I was rude to the guy at the Apple Store: When change leaders have a bad day

This week I was rude to the guy at the Genius Bar at the Apple Store.

I feel terrible about it.

Even though he was not listening to my history of the problem, and even though he was being smug (at least, he seemed darn smug by my smug-o-meter, which is always on high-alert when I enter that loud, bright store of proudly sleek and pricey stuff), and even though this was the third time I had to carry my heavy still-not-working monitor, sorry, display, through a shopping mall to drop it off, there was no excuse for me snapping at him.

It was a quick moment of unquiet desperation, a “That’s not what the person on the phone said” kind of comment. Over quickly, but still far from calm and gracious.

I try to hold myself to a high standard in interpersonal interactions. In other words, I try not to be a dick. I try to walk the walk of optimistic future-focused problem-solving that is key to my work with leaders of change, and to their work with their colleagues to improve work culture and performance.

I want to be one of the good guys. I’m an optimistic person who is patient and offers solutions and tries to be less sarcastic than is normal for me.

But on Tuesday evening, I was rude to the guy who was trying to help fix my $%!!, *@#$!%, !!&#@$ expensive screen that helps me get my work done without hunching over a laptop all day.

And now, three days later, I’m trying to take the lesson and move on.

The lesson is something like this, and I’m talking about you now, not just about my thwarted cranky self:

It’s okay for the people who make the good stuff happen, the people who create forward momentum and exude confident optimism, the people who contribute the most to a trusting, collaborative work culture, to have a bad day. It’s okay to be temporarily less able to be and do all the wonderful things all at once.

You are human. You will have bad days ( … weeks, months … ), and it’s nothing to feel guilty about or turn into an existential crisis. You are still the leader you were when you were better-rested or less ham-strung by bureaucracy or your personal life was a little less busy and challenging. When people weren’t on your last nerve. You’ll get your positive momentum back. Here are some thoughts (mantras even, if you swing that way) to help you be realistic and maintain your leadership presence when things are tough:

Let yourself be human. You’re not that special, and that’s a good thing. Don’t beat yourself up for having a bad day.

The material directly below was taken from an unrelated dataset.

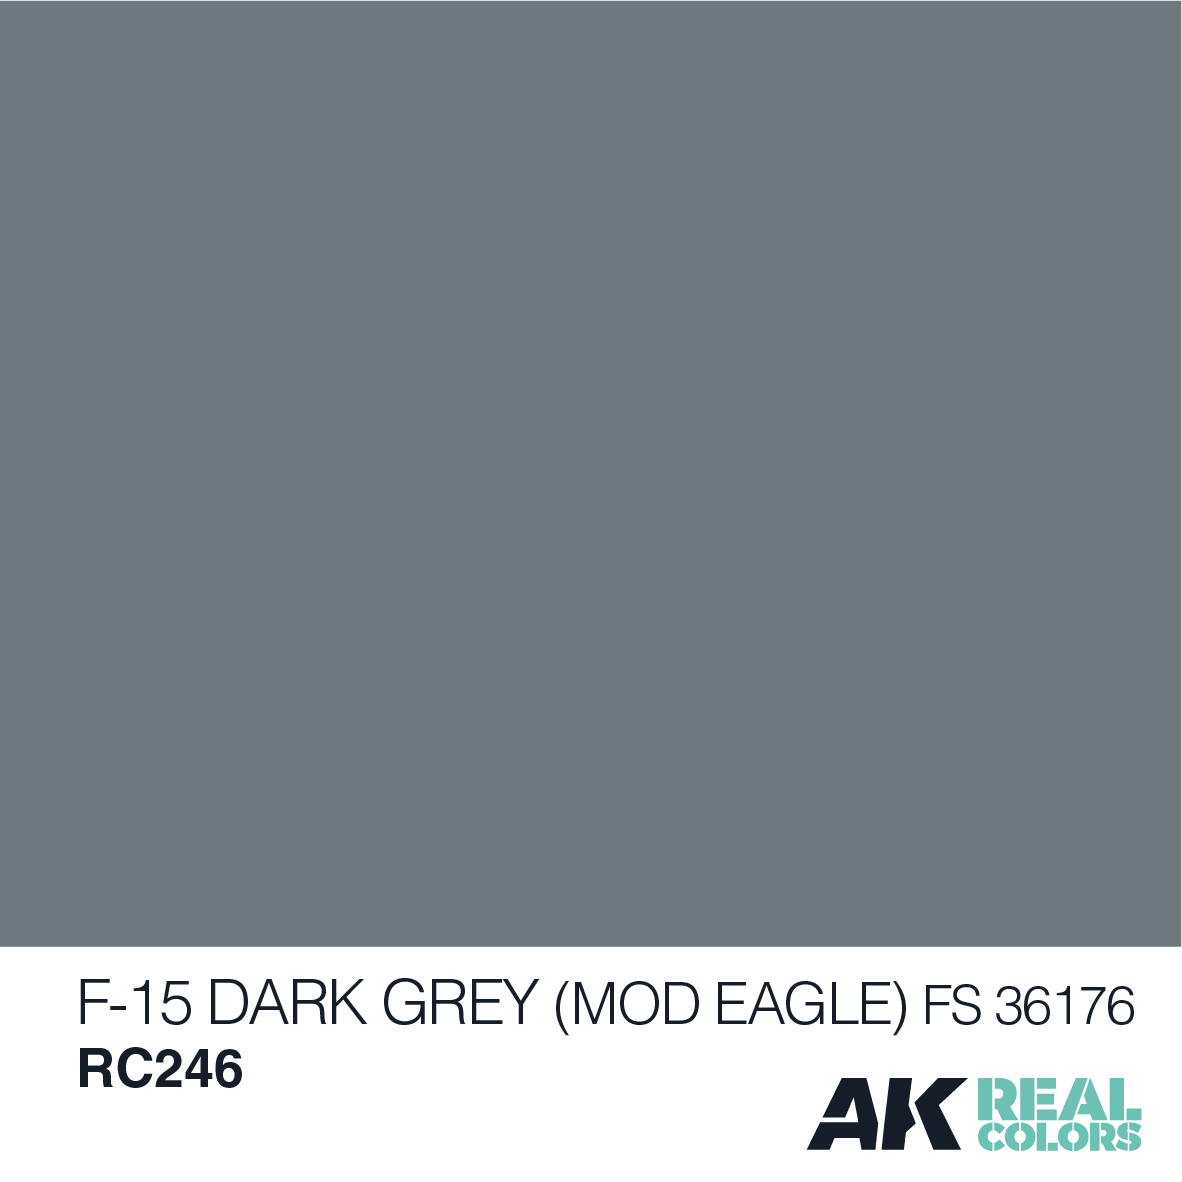 F-15 Dark Grey (MOD EAGLE) FS 36176
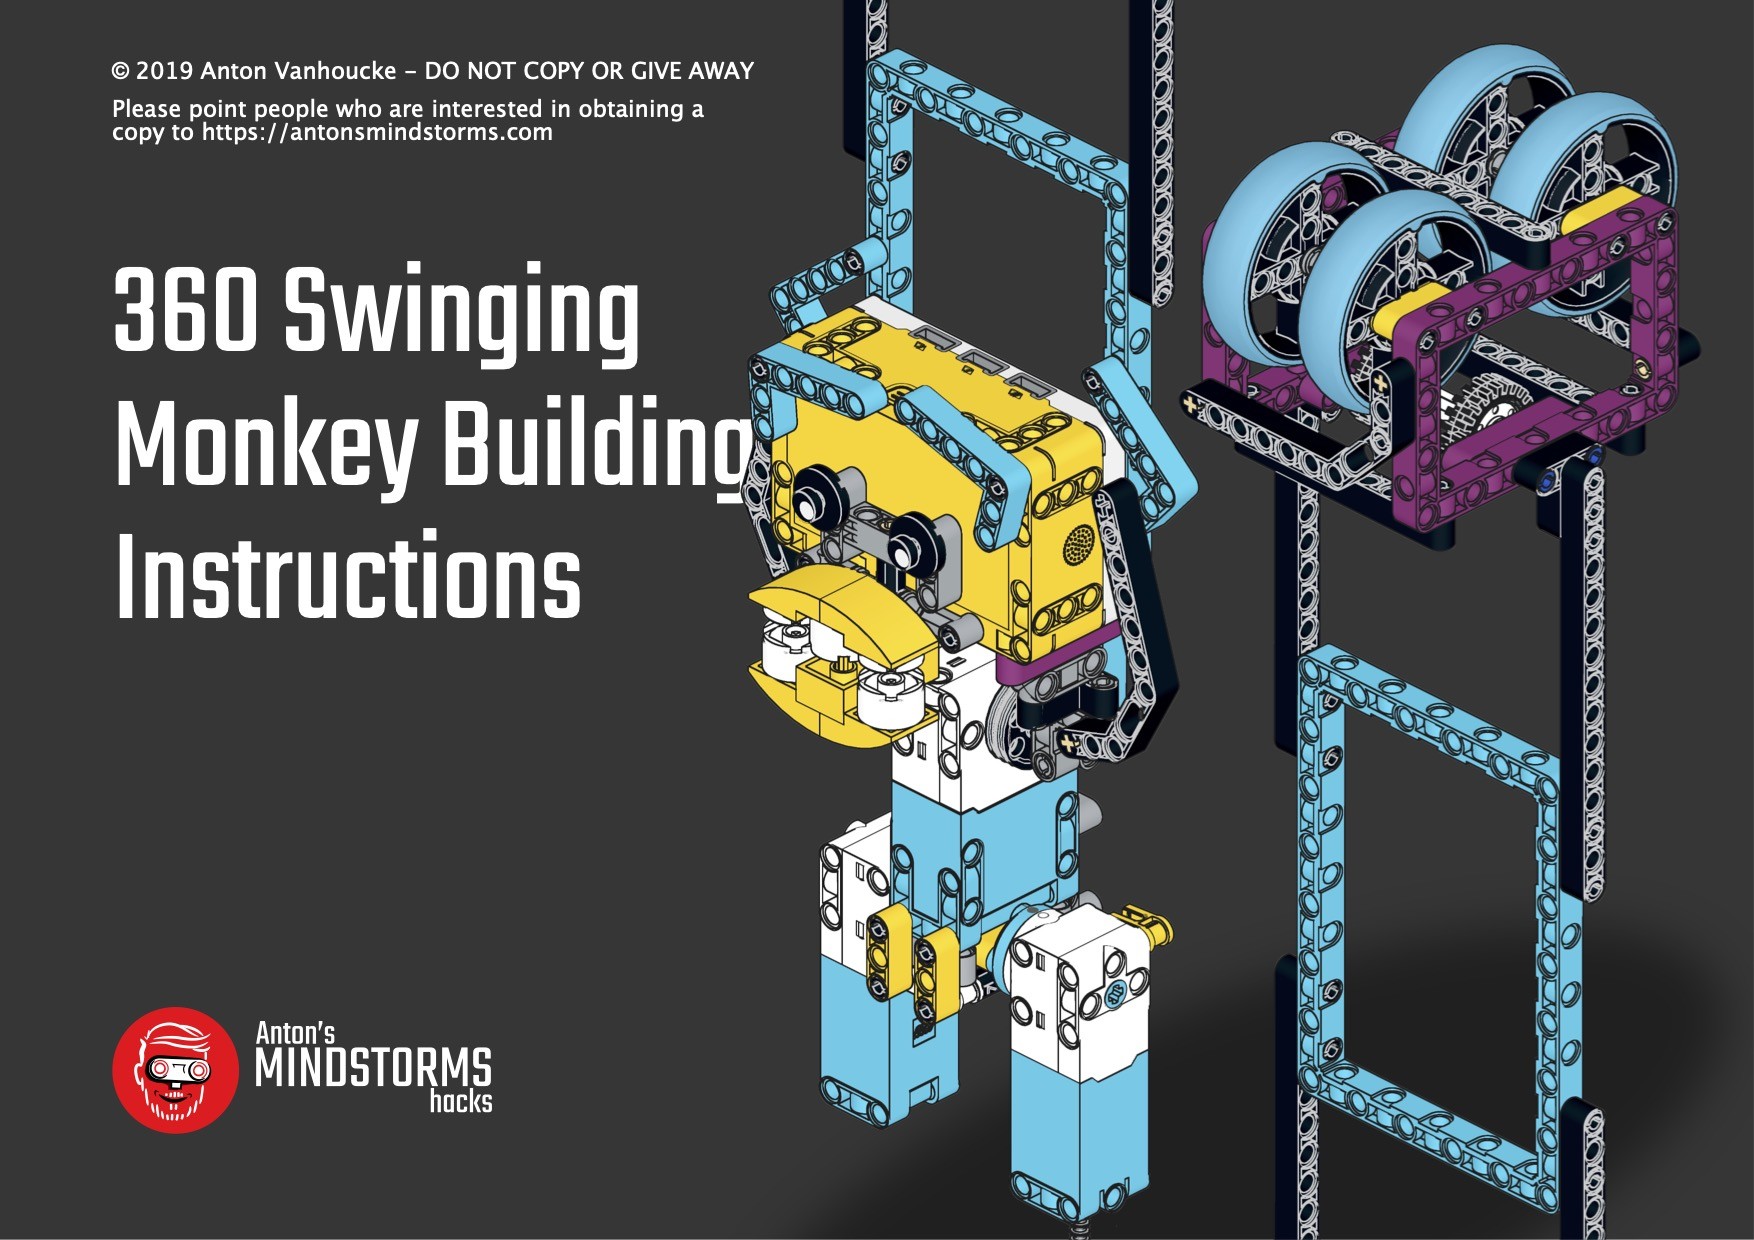 360 Swinging Monkey Building Instructions

Be aware that you are not repping your best change-leader self. Self-awareness will help you manage your emotional presence even without any conscious effort. Which is cool, because when we have bad days, effort is in short supply. If you think others will notice your bad mood (Apple Store guy’s eyes got big and his head gave that little jerk backward), limit the damage. Don’t sulk in the meeting. Don’t snap at your boss. Anxiety and stress are contagious, and if you, the “let’s go, team!” person, are peevish or grim, people will think “oh, look, even she realizes there’s too much work to do around here.” (See “Come clean” below.)

Get the support you need. Talk to a friend. Problem-solve or just vent. If you need to vent, make it brief. The happiness people say too much venting makes things worse.

Take care of yourself. Take a walk around the block or get some kind of exercise, even if you are too busy. Take a long lunch, even if you are too busy. Take three deep breaths every time you feel stress and/or that crap attitude bubble up.

Be patient with yourself. This also allows you to be patient with everyone else, which is crucial for sustained trust and progress over the long haul.

Come clean. “I’m having a rough time today. But of course I’m still very committed to Priorities A, B, and C, and to Projects D, E, and F.” If you can, and the rough patch isn’t just one bad day, share the work while you manage your rough patch. Let someone else facilitate that meeting.

Just get through it. Keep your head down as much as you can. Or fake it, if you’re good at faking it. If it’s more than a day or two’s rough patch, take a day off.

Every now and then, most crusaders for the good need to hear that you don’t have to be perfect all the time. It’s not reasonable, and again, you aren’t that special and that’s a good thing. If you needed this permission right about now, here it is.

If everything is going well these days, and you are feeling fine with your imperfections, that’s fantastic. And you have had a better week than me. Maybe you know someone who could use this message, or you want to bookmark this for when you do need it.